Visit for more related articles at International Journal of Innovative Research in Computer and Communication Engineering

Abstract

Knowledge discovery refers to finding some relevant information out of a bulk amount of data. Speech emotion recognition is one of the major areas in the knowledge based discovery. This research work has been carried out using four emotions namely sad happy angry and aggressive. This research work possesses two sections namely training and the testing part. The training part will consists of the updation of the speech files with the data base system. Once a file is uploaded, the system would extract the features of the speech file with an algorithm named MFCC. The MFCC algorithm would extract a feature vector out the speech file and then the maximum, minimum and average value of the feature vector would be saved into the database. The process would repeat itself again and again till the last category is not achieved. Once the training part is complete, the testing section would be initiated. The testing section would involve the classification process in which two classifiers would be used. The first classifier is neural networks whose back propagation feed forward neural network would be used for the processing. The BPNN is one the most affective classifier out of the available classifiers. The initial hidden layer in the BPNN process has been kept as 20 and minimum number of iterations is 5. Some sort of previous work has been also implemented before this research work getting proposed like use of BPNN for speech classification but the combination of MFCC, BPNN for the same feature set has not been proposed yet. To show the effectiveness of the work, the same process has been repeated with Support Vector Machine and the accuracy would be measured in both the cases.

Keywords

MFCC, SVM, Neural network.

INTRODUCTION

Audio mining

Audio Mining is a technique by which the content of an audio signal can be automatically analysed and searched. It is most commonly used in the field of automatic speech recognition, where the analysis tries to identify any speech within the audio. The audio will typically be processed by a speech recognition system in order to identify word or phoneme units that are likely to occur in the spoken content. This information may either be used immediately in pre-defined searches for keywords or phrases (a real-time "word spotting" system), or the output of the speech recogniser may be stored in an index file. One or more audio mining index files can then be loaded at a later date in order to run searches for keywords or phrases. The results of a search will normally be in terms of hits, which are regions within files that are good matches for the chosen keywords. The user may then be able to listen to the audio corresponding to these hits in order to verify if a correct match was found.

Audio mining systems used in the field of speech recognition are often divided into two groups: those that use Large Vocabulary Continuous Speech Recognisers (LVCSR) and those that use phonetic recognition. The Web, databases, and other digitized information storehouses contain agrowing volume of audio content. For example newscasts, sporting events, telephone conversations, recordings of meetings, Webcasts, documentary archives etc. Users want to make the most of this material by searching and indexing the digitized audio content. In the past, companies had to create and manually analyze written transcripts of audio content because using computers to recognize, interpret and analyze digitized speech was difficult. However, the development of faster microprocessors, larger storage capacities, and better speech-recognition algorithms has made audio mining easier.

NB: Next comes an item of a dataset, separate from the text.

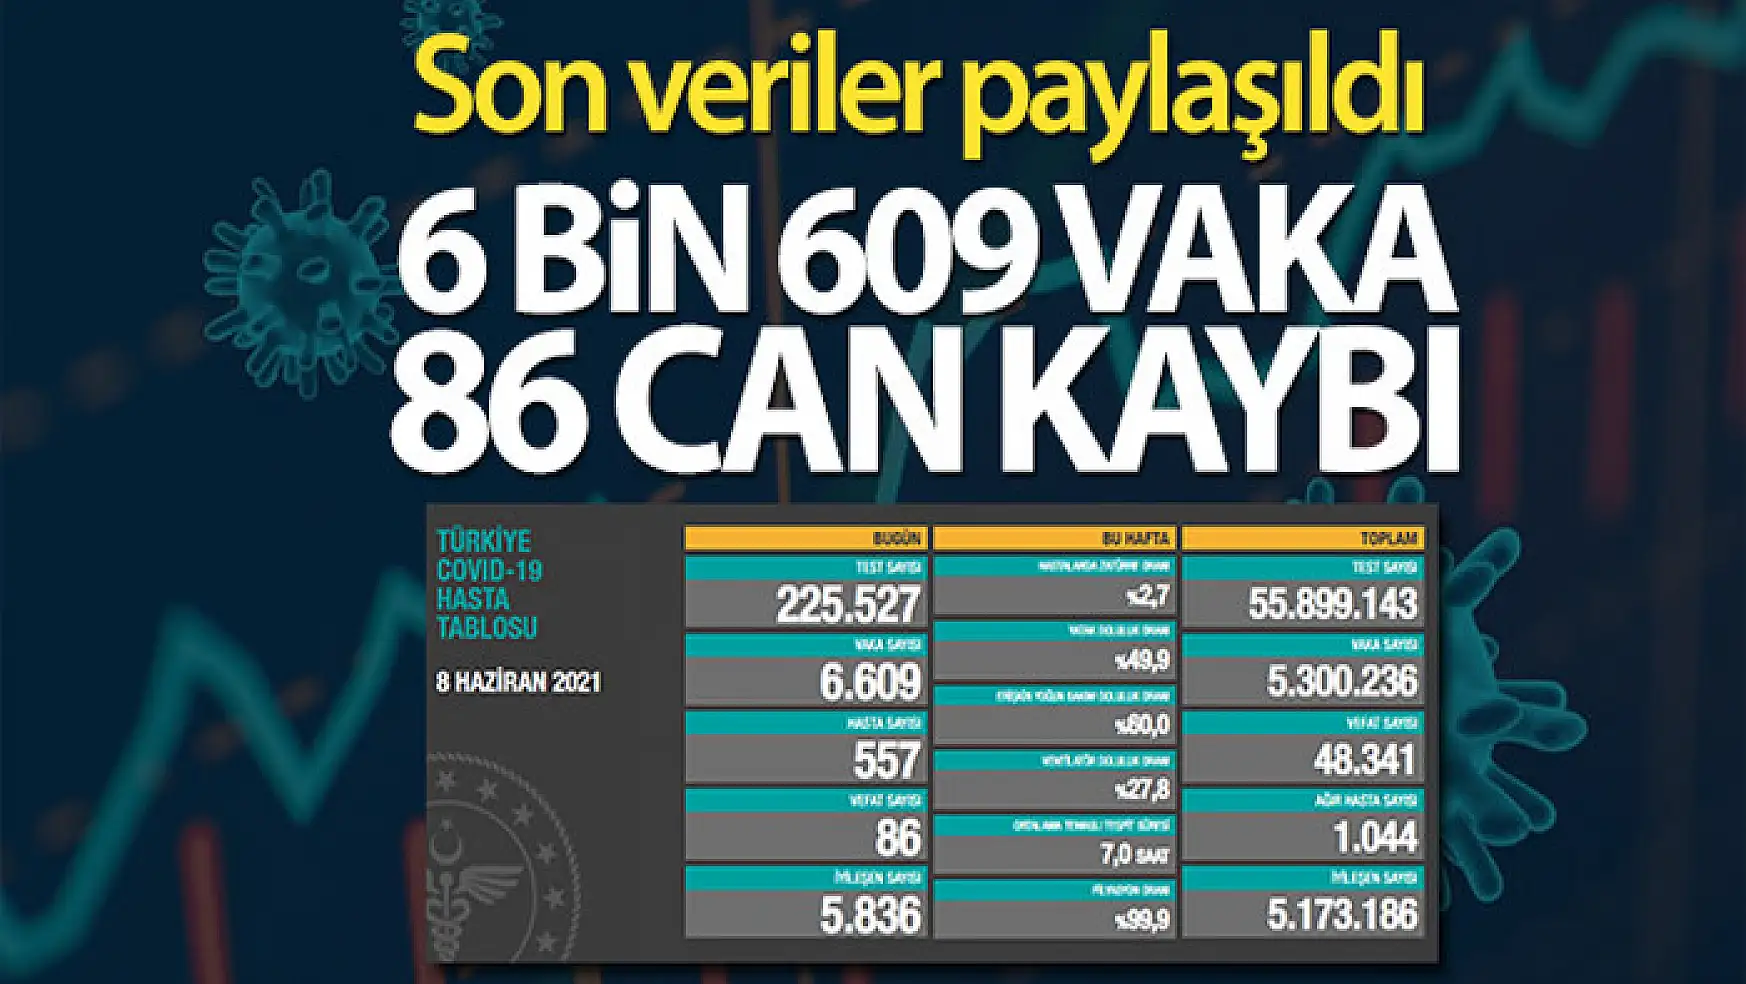 Türkiye'de son 24 saatte 6.609 koronavirüs vakası tespit edildi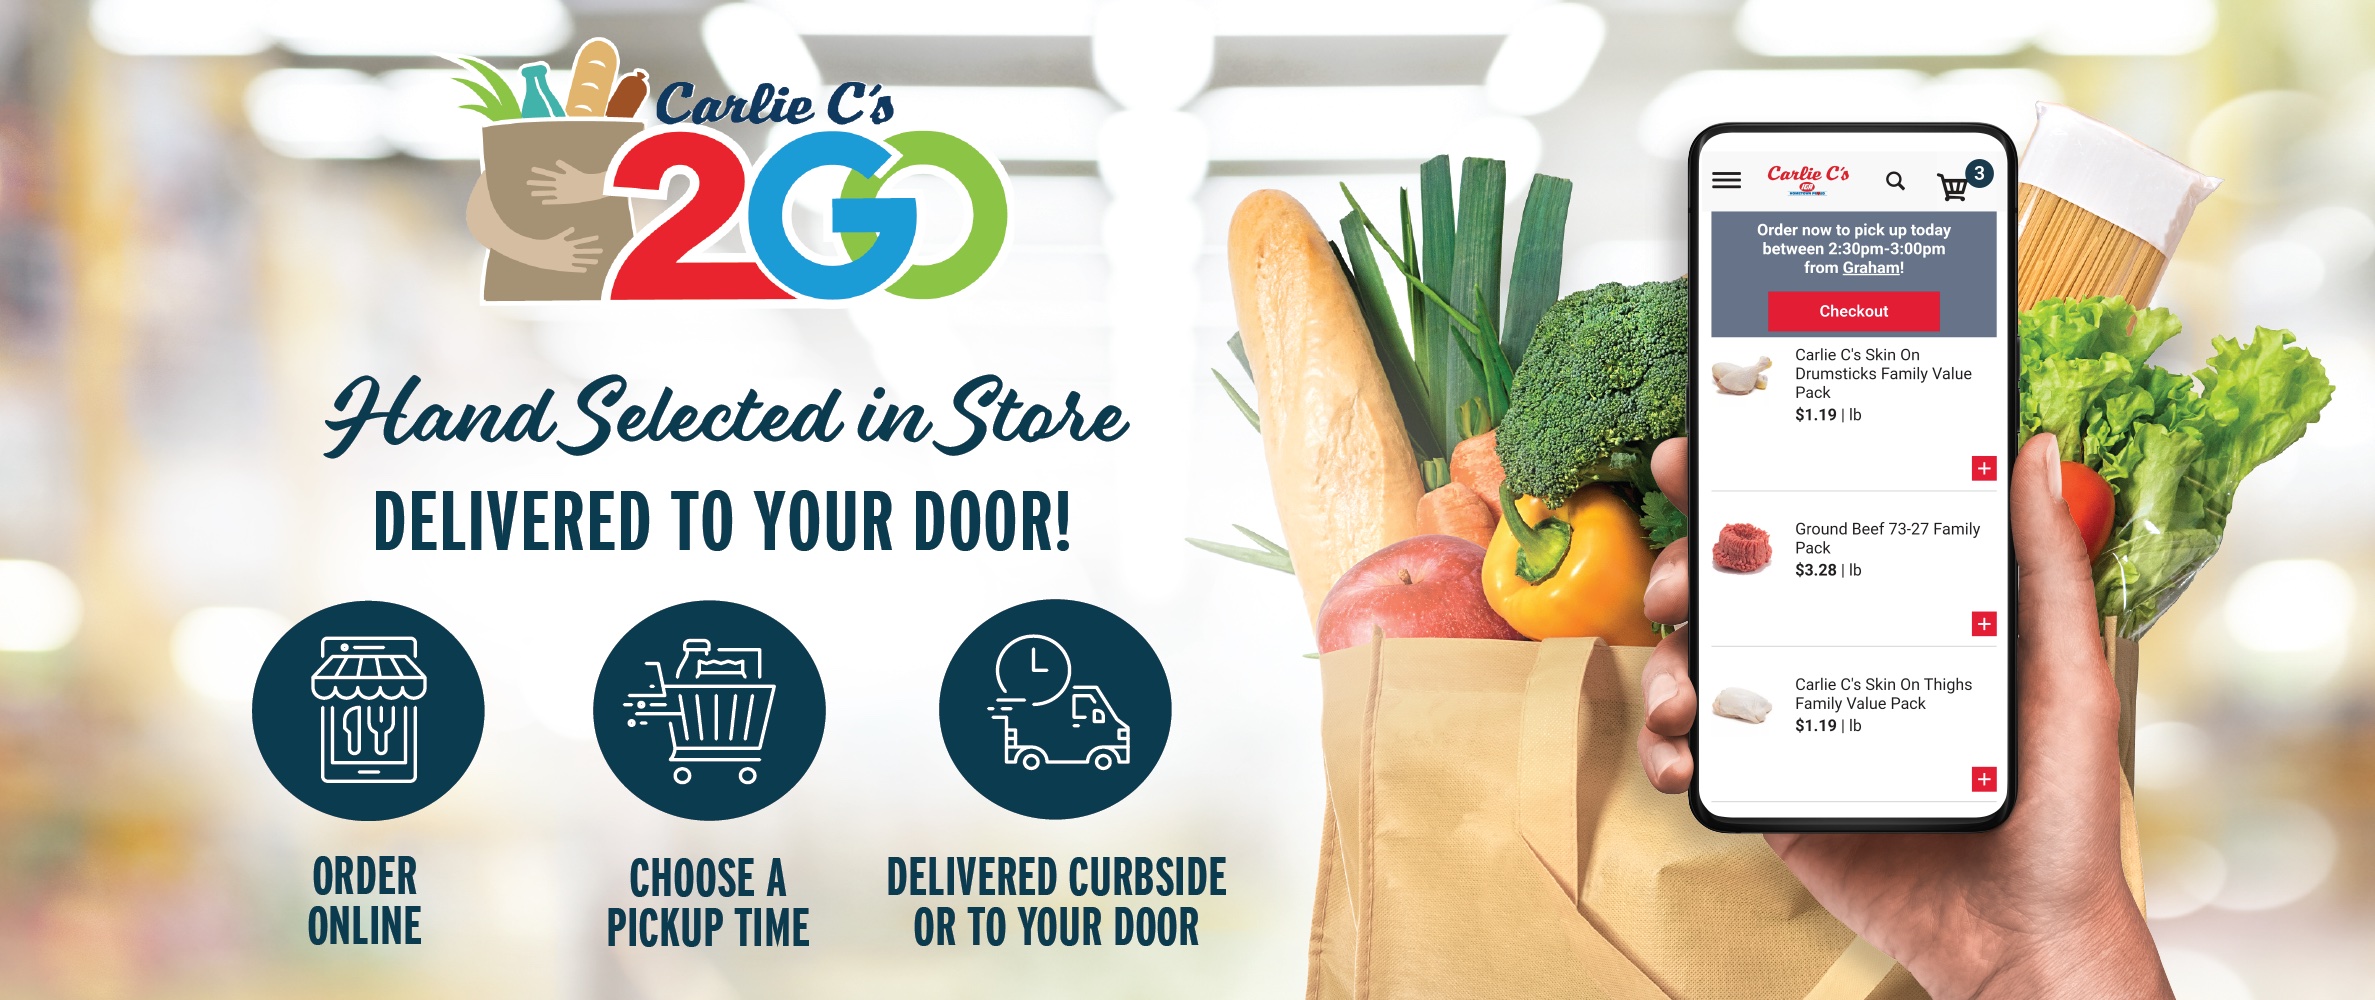 Carlie C's 2Go - Delivery To Your Door!

Phonetic recognition does not require the use of complex language models: the phone recognition can be run effectively without knowledge of which phones were previously recognized. In contrast, knowledge of which words were previously recognized is vital for achieving good recognition accuracy in a large vocabulary system. LVCSR approaches must therefore use sophisticated language models, which leads to a much greater computation load at the indexing stage for LVCSR approaches and results in significantly slower indexing speeds. Phonetic audio mining software can index audio data at rates of around 100 times faster than real time, compared to speeds only a few times faster than real time for LVCSR systems. The reliance on complex language models also means that the data used to train the LVCSR systems must be well matched to the data it will be used on.

Musical audio mining

Musical audio mining (also known as Music information retrieval) relates to the identification of perceptually important characteristics of a piece of music such as melodic, harmonic or rhythmic structure. Searches can then be carried out to find pieces of music that are similar in terms of their melodic, harmonic and/or rhythmic characteristics.

Speech Processing: A speech is a sample of the voice of the user which he can use for the classification of the data. The speech can be recorded either by a voice recorder or by the software where the entire work has been done. There are different properties of the speech signal. Before we move on to the speech processing, let us get to know what exactly the speech mining is. There are several terms which are required to be known .They are illustrated as following.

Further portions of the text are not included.